The problem in orchestra is that often we play them so fast that they are no longer heard at all.
So how does one know how fast to play a grace-note? Is it always as fast as possible? If that’s wrong, how are we supposed to know that it’s wrong? Surely this is an example of the limitation of notation?
Nope, sorry. The problem in “Great Gate is that the orchestra version is a transcription, so the performers are reading the notation out of context. Notation creates context, so notation out of context loses some of its clarity. If one goes back to the piano version, you can see that the pianist has to jump and reset the hands in a new block chord after the grace note, so the grace note has to be played before the beat and not very fast. Most orchestras play these notes either so fast they’re not heard at all, or even worse, on the beat (this is a mis-reading of Ravel’s indication to play the grace-notes down bow in the strings near the end. Musicians look at those down bows and think “aha! he wanted those on the beat,” but what he wanted was for them to be really, really loud so they would have a similar prominence to what they have in the piano version).
Ravel could easily have omitted the grace-notes altogether as his not limited to having on one person to play all the notes in the chords, and, when you don’t hear them in an orchestral performance, you wouldn’t know you were missing out on them. However, if you look at the score, for instance the last two pages, you can see that he took a great deal of care to transcribe the grace-notes in the piano version as honestly and imaginatively as possible. He knew they were an important part of the original, so HE MADE THEM AN IMPORTANT PART of the transcription. (In fact, there’s a lot of important harmonic information in the gracenotes. At first Mussorgsky just uses them to lay down an e-flat pedal, but later, the harmonies move in the grace-notes).
If one knows or has even played though the piano version, you won’t be tempted to play the grace-notes any faster than a fairly broad eight-note, not the thirty-secondish note you usually hear. You’ll also know that, as the writing gets more massive and the leaps in the piano part get bigger, the grace notes must get slower and heavier.
Have a listen first to a decent performance of the orchestral version, then visit Evgeny Kissin’s piano performance. Do the fast, largely in-audible grace-notes in the orchestral performance still seem like an accurate reflection of the notation?

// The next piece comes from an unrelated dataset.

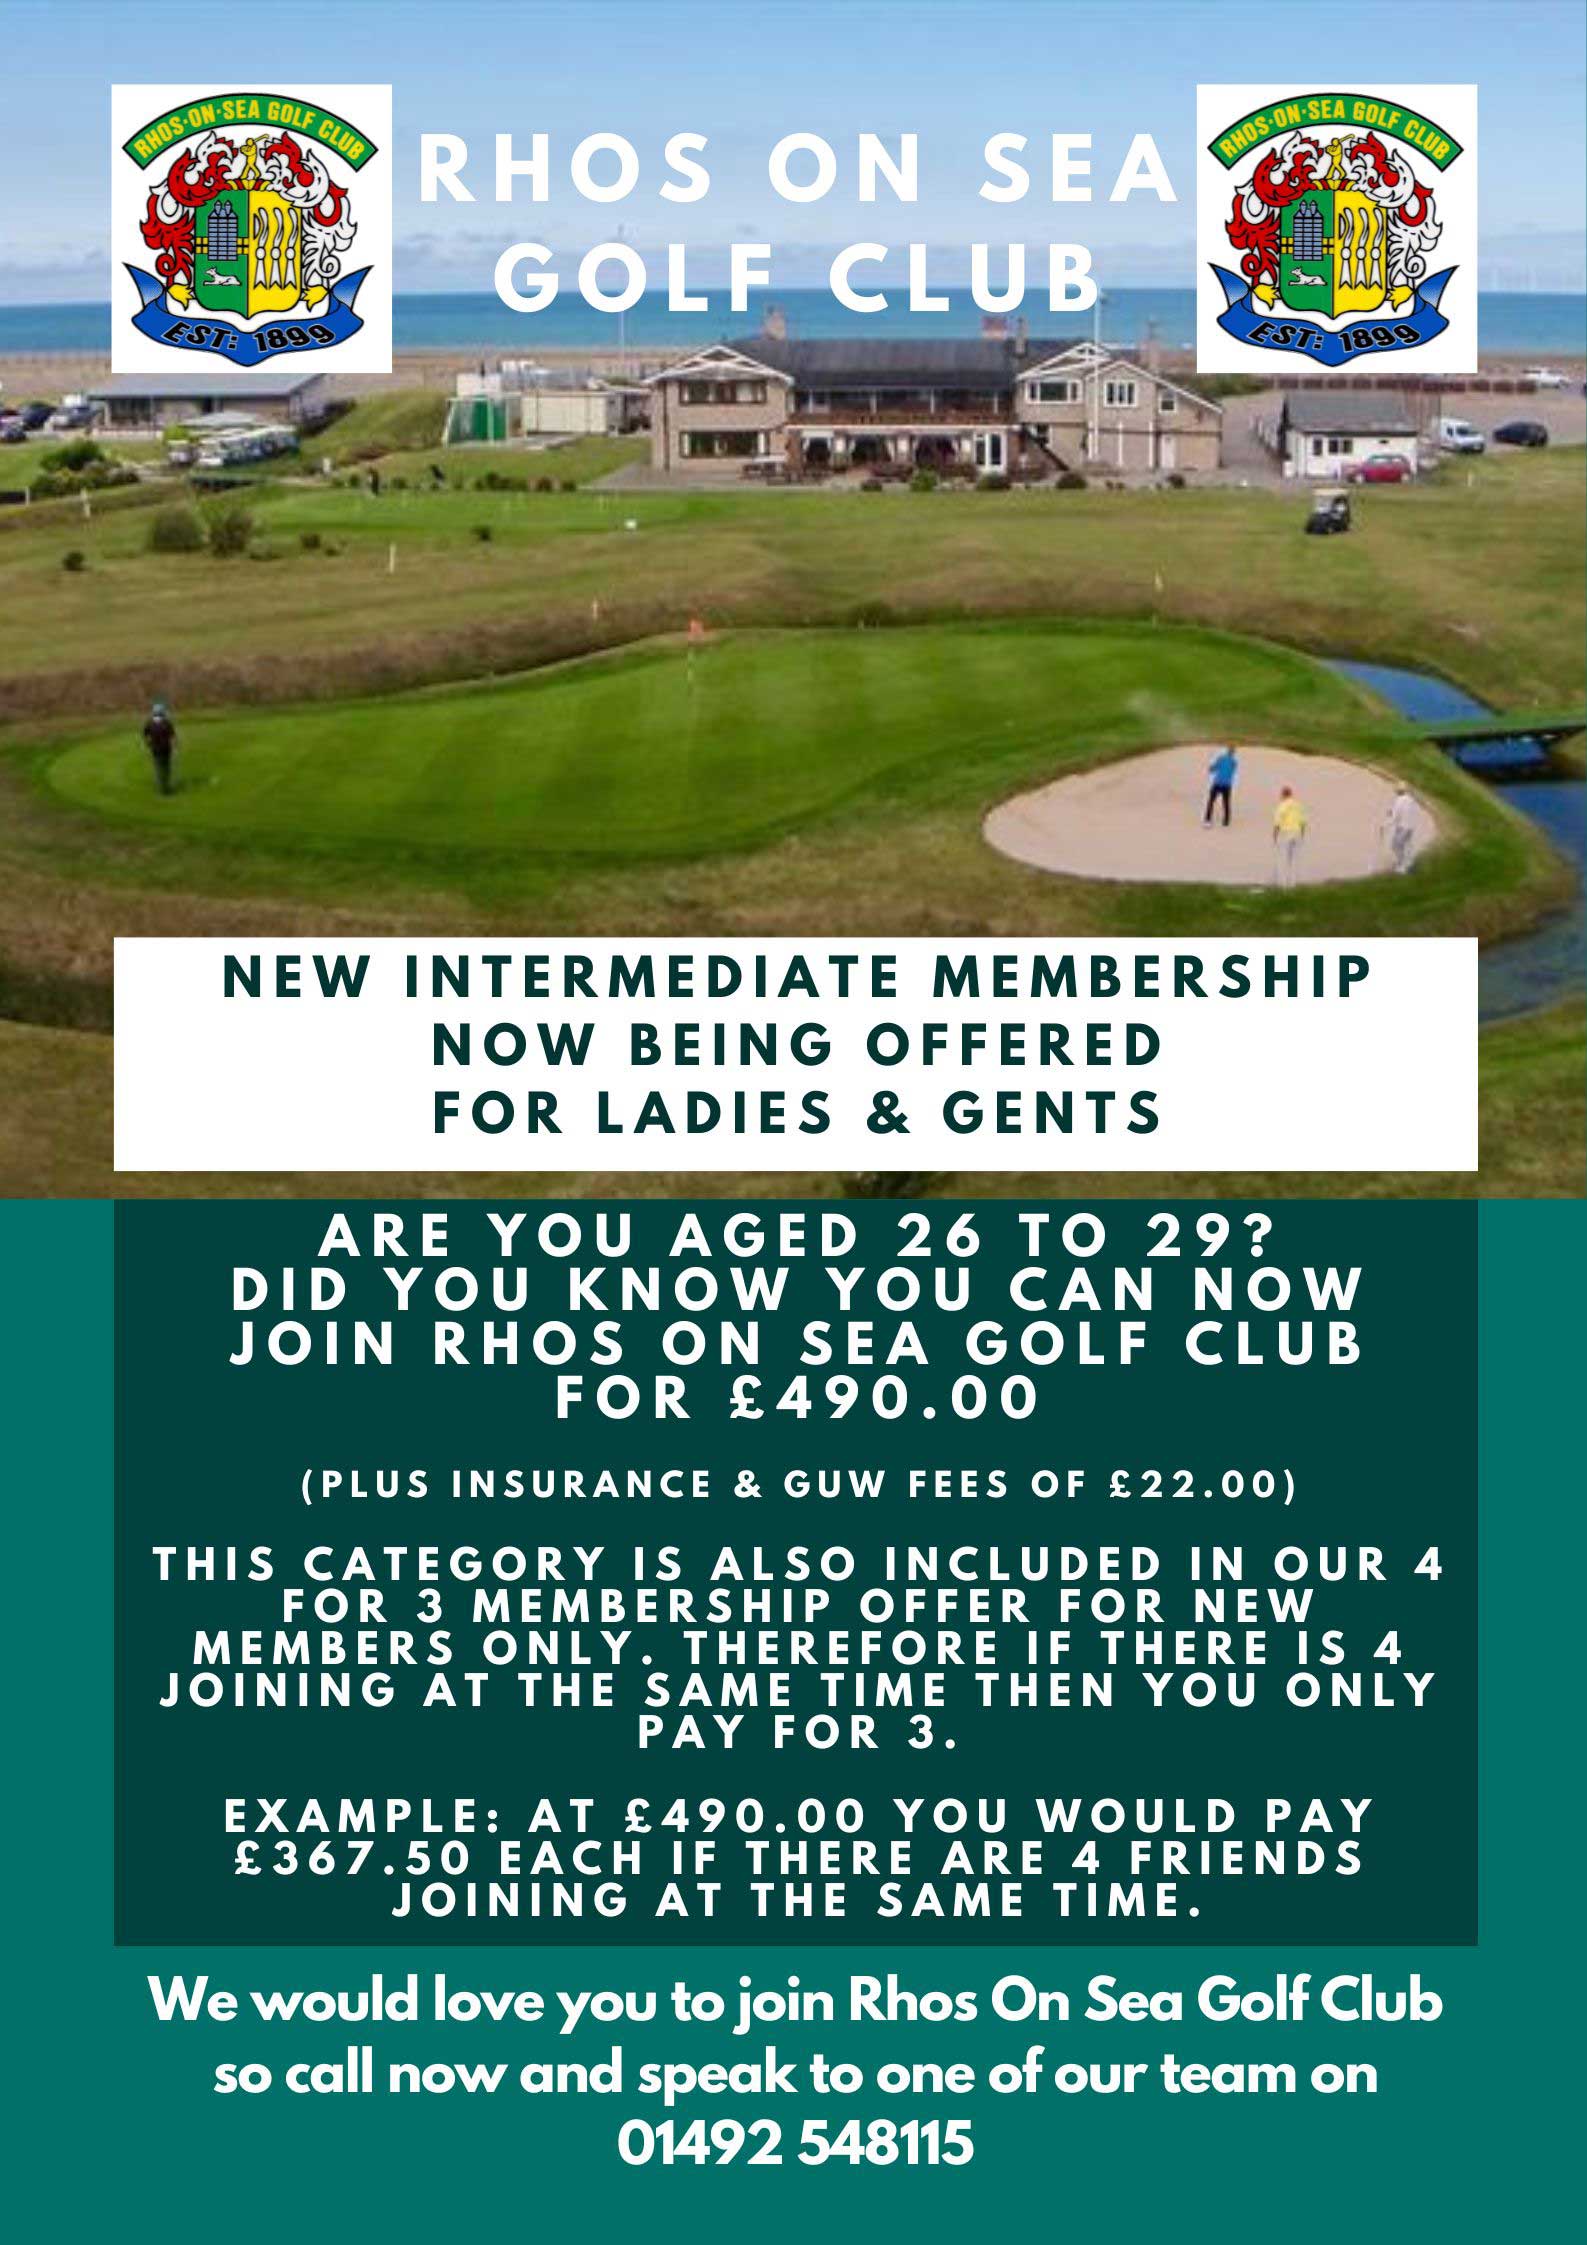 NEW INTERMEDIATE MEMBERSHIP NOW BEING OFFERED FOR LADIES & GENTS

Graace notes speed should adjust to the acoustics of the hall.
You might take a view that Its a coloring or blending to imbue ambiguity or suspension. Same with trills…
Similar considerations apply to the other “inexact” notations… Take the trill, for example: Pianists know a trill that lies low in the left hand should generally be slower than a trill in the upper register. This might be a case where the acoustics of the instrument suggest a realization, but there are also cases where the musical context should guide. A sensitive tympanist might, for example, play a roll more slowly in one of those Mahler “trauermusik” sections than he might in a more martial setting.
Hi Bill
You’re absolutely right, and the parellel might then be looking at what happens with a trill when you orchestrate a piano work.
Brahms often used piano writing to dictate rubato- if he writes a leap to chord that is impossible to play in time, he clearly did not intend the performer to play it in time. In the solo piano works, that’s not a problem, but in the chamber music you’ll sometimes here string players react snootily when the pianist says “I need a bit of time for that leap.” Brahms knew the pianist would need that time, and probably put that leap there to make the time happen, because there were probably other ways he could have written it to make the leap easier.
Then imagine what happens when you transcribe a Brahms piano work for orchestra, like Schoenberg’s transcription of the G minor quartet. How many conductors who do this piece really know the piano writing of the original well enough to judge the rubatos that Brahms wanted?
Cheers Bill, and thanks for reading.